My hair is growing back.
It's way cool to watch the process. And I've realized that I have no idea how my own personal hair actually works. I never had summer buzz cuts. I never really knew where the part really wanted to be, or where a very short version of my hair would want to go, given the chance. It's always been long, so it's always hung down. Now that it's super short, I can watch it and learn what it likes to do.
For example. Right now the sides want to go back. Not sure why, but they feel like they want to be smoothed back. And, for better or worse, when I was joking around and putting it into a little Mohawk... well, it seemed to like that as well. Two parts, on either side, with the hair going into the middle. That seems to work for now.
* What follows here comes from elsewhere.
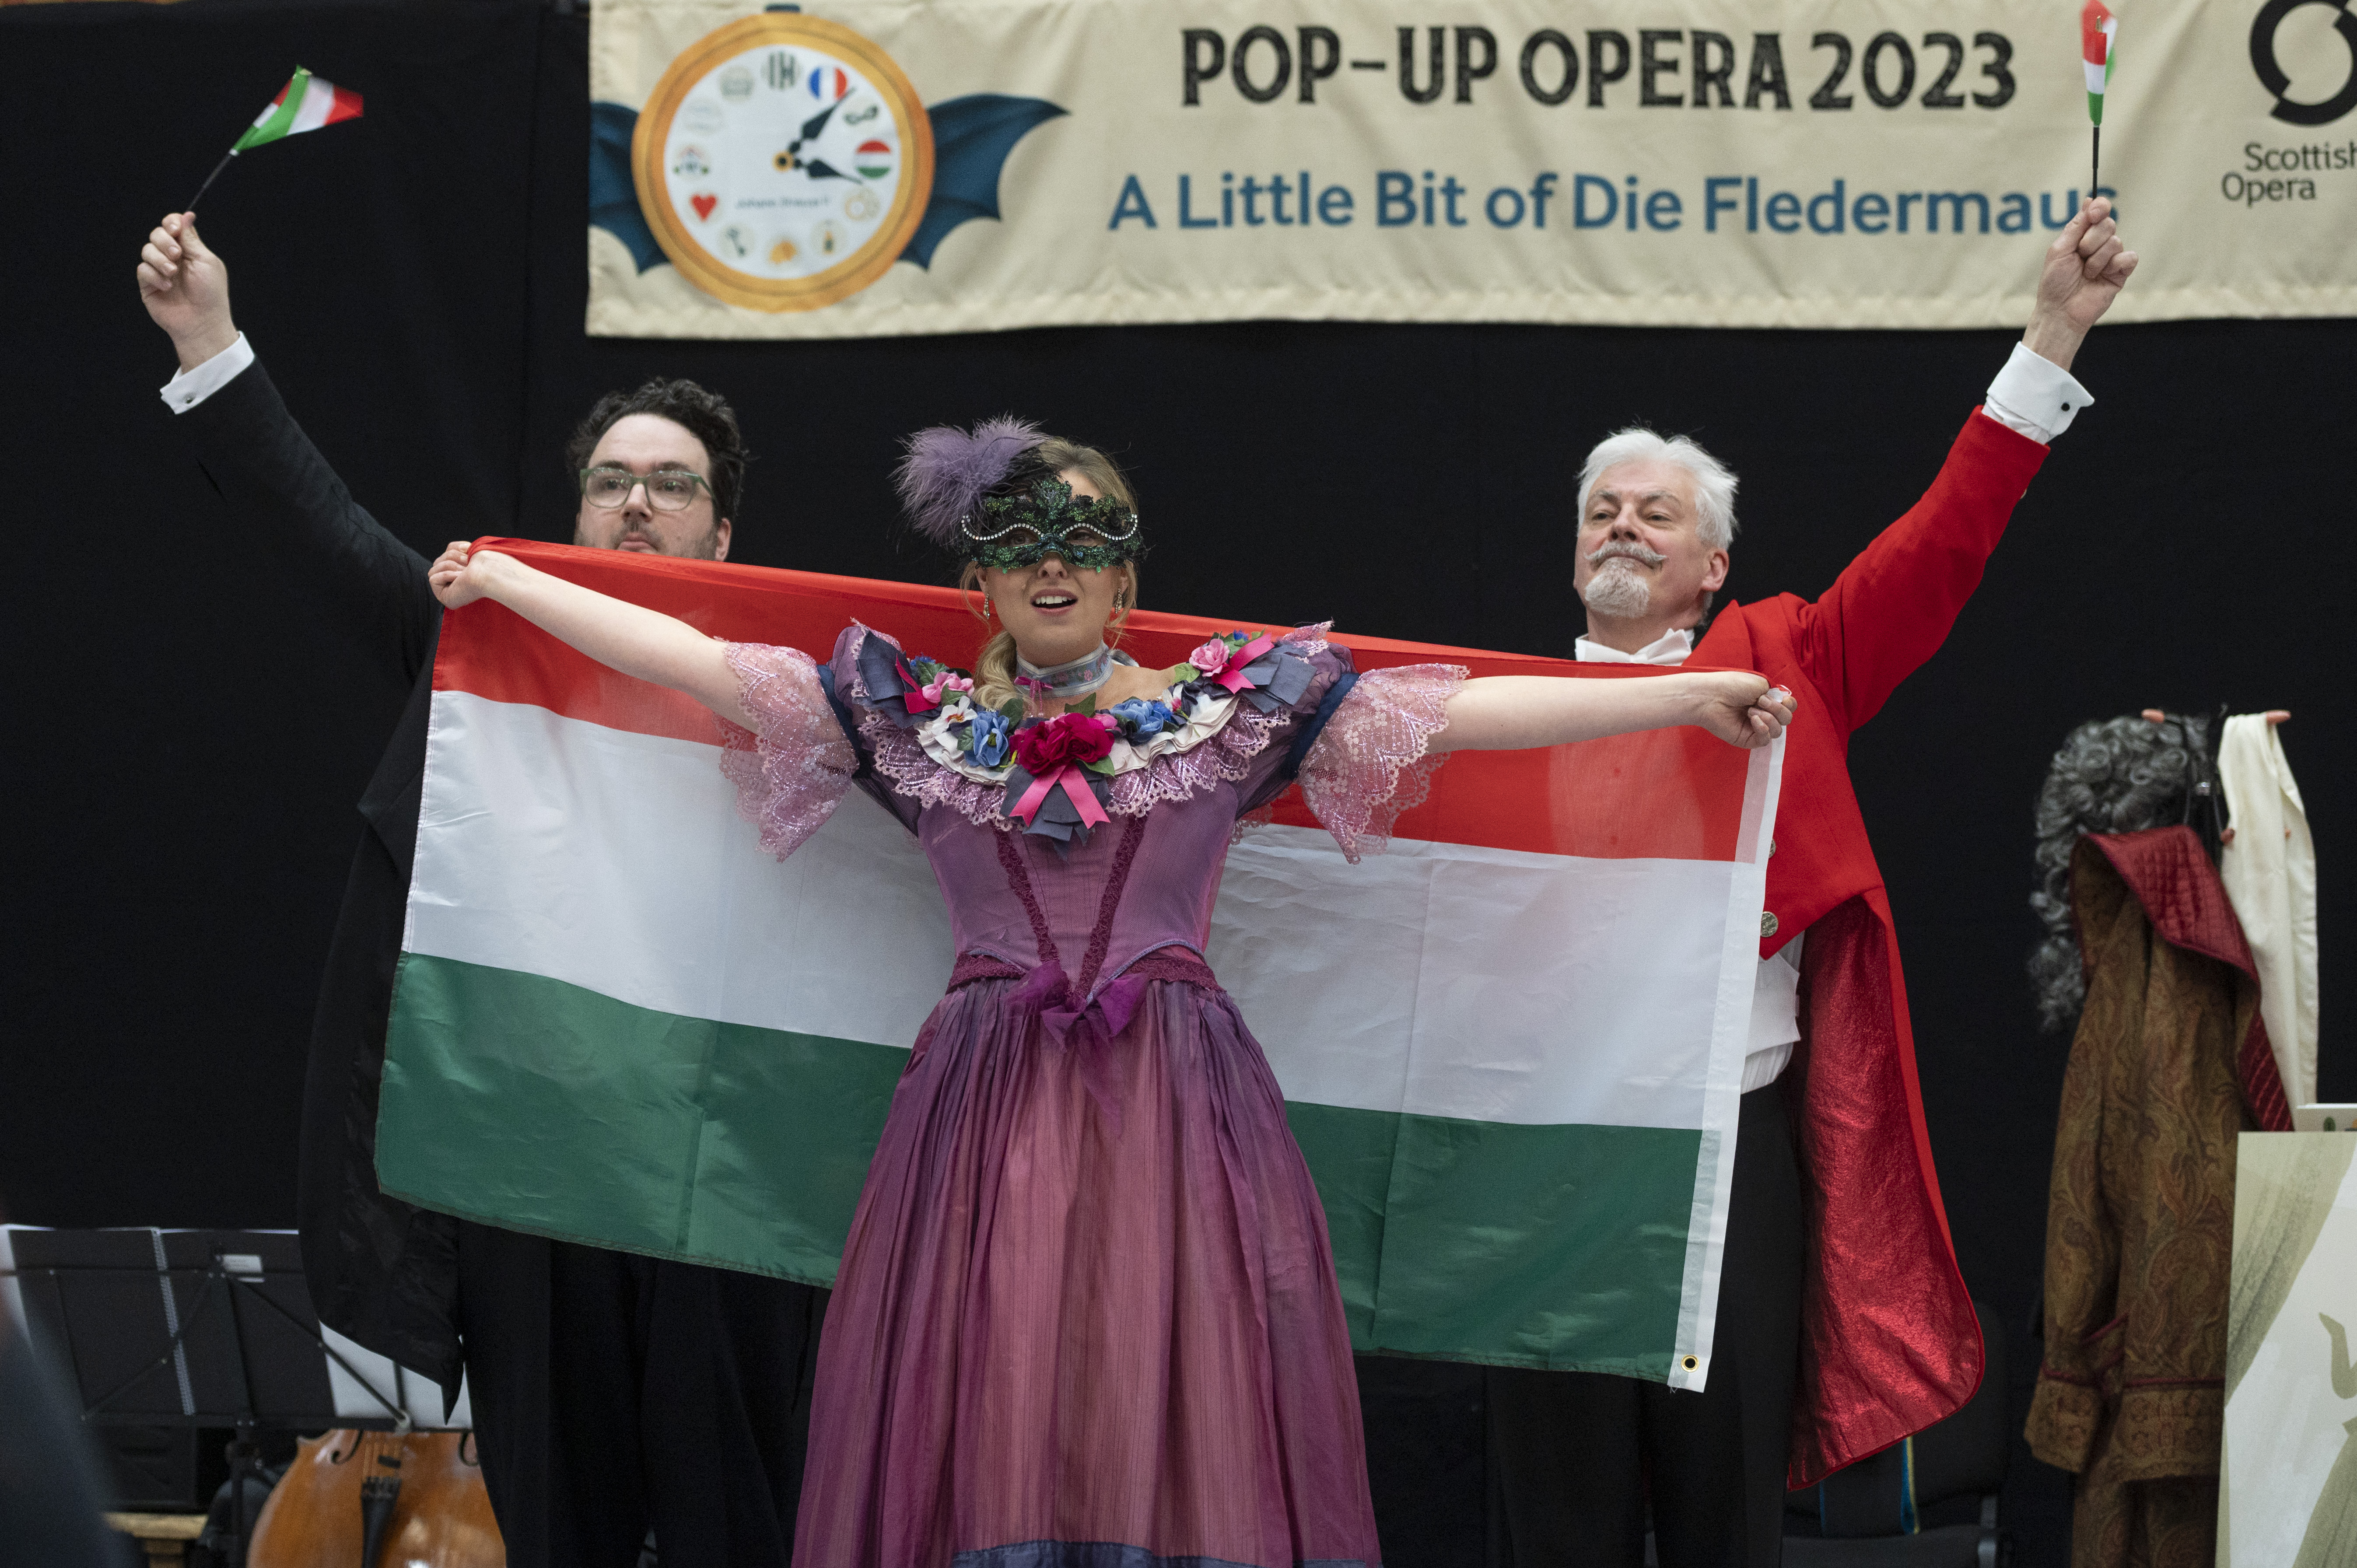 Andrew McTaggart, Jessica Leary and Allan Dunn in the Pop-up Opera performance of Die Fledermaus. Credit Kirsty Anderson..JPG

What the back is doing... I'm not really sure. But I am seeing cowlicks in the front emerging, and feel a few more back on the crown. The color looks some days like the salt will prevail, but other days the pepper is definitely still holding strong. And there's a chance that it's starting to get just long enough to find its curl again.
As I was musing over this new thing called my hair the other day, it occurred to me that no matter what I do, I can't make the process go any faster. It is evolving in exactly the way it wants to evolve, and there's no way to think it out ahead of time. Will I wear it short, or long, or brushed back? Will I color it or will the gray turn into a cool bad ass silver that I'll strut with bravado? Will I try to work with the cowlicks or just let them get covered up by long hair again? Where are we going with all this? It is absolutely impossible to tell. Impossible to speed up. Impossible to pre-plan.
And I found some solace in that. Obviously I'm thinking a lot these days of what I want to do with my life going forward. I want to know, now, immediately, what I should do about everything from here on out. But... that's impossible. Just like my hair, I may have to just wait and watch and feel into the situations as they grow into their fullness. I may not know what the right thing to do is until my life evolves into to just the right place of knowingness. A cowlick may appear that I will want to work around, or accentuate, or play with. Something else may happen that I didn't foresee and I will want to explore that for awhile.
Just as time can't be saved and dribbles through the fingers of my life at a steady, maddening, inexorable pace... it also can't be hurried up. As much as I want to save the good moments and hurry through the bad... it all goes by steadily. I can't hold it, and I can't stop it, and I certainly don't want to kill it. But I can watch what it unfolds, and play with the new opportunities as they present themselves.
Kathy, can't tell you how much this on-going blog has impacted me. I rethink parts of my life regularly because of things you've said. I've had a lot of loss in the past year, and your writing has helped me through it. Thank you.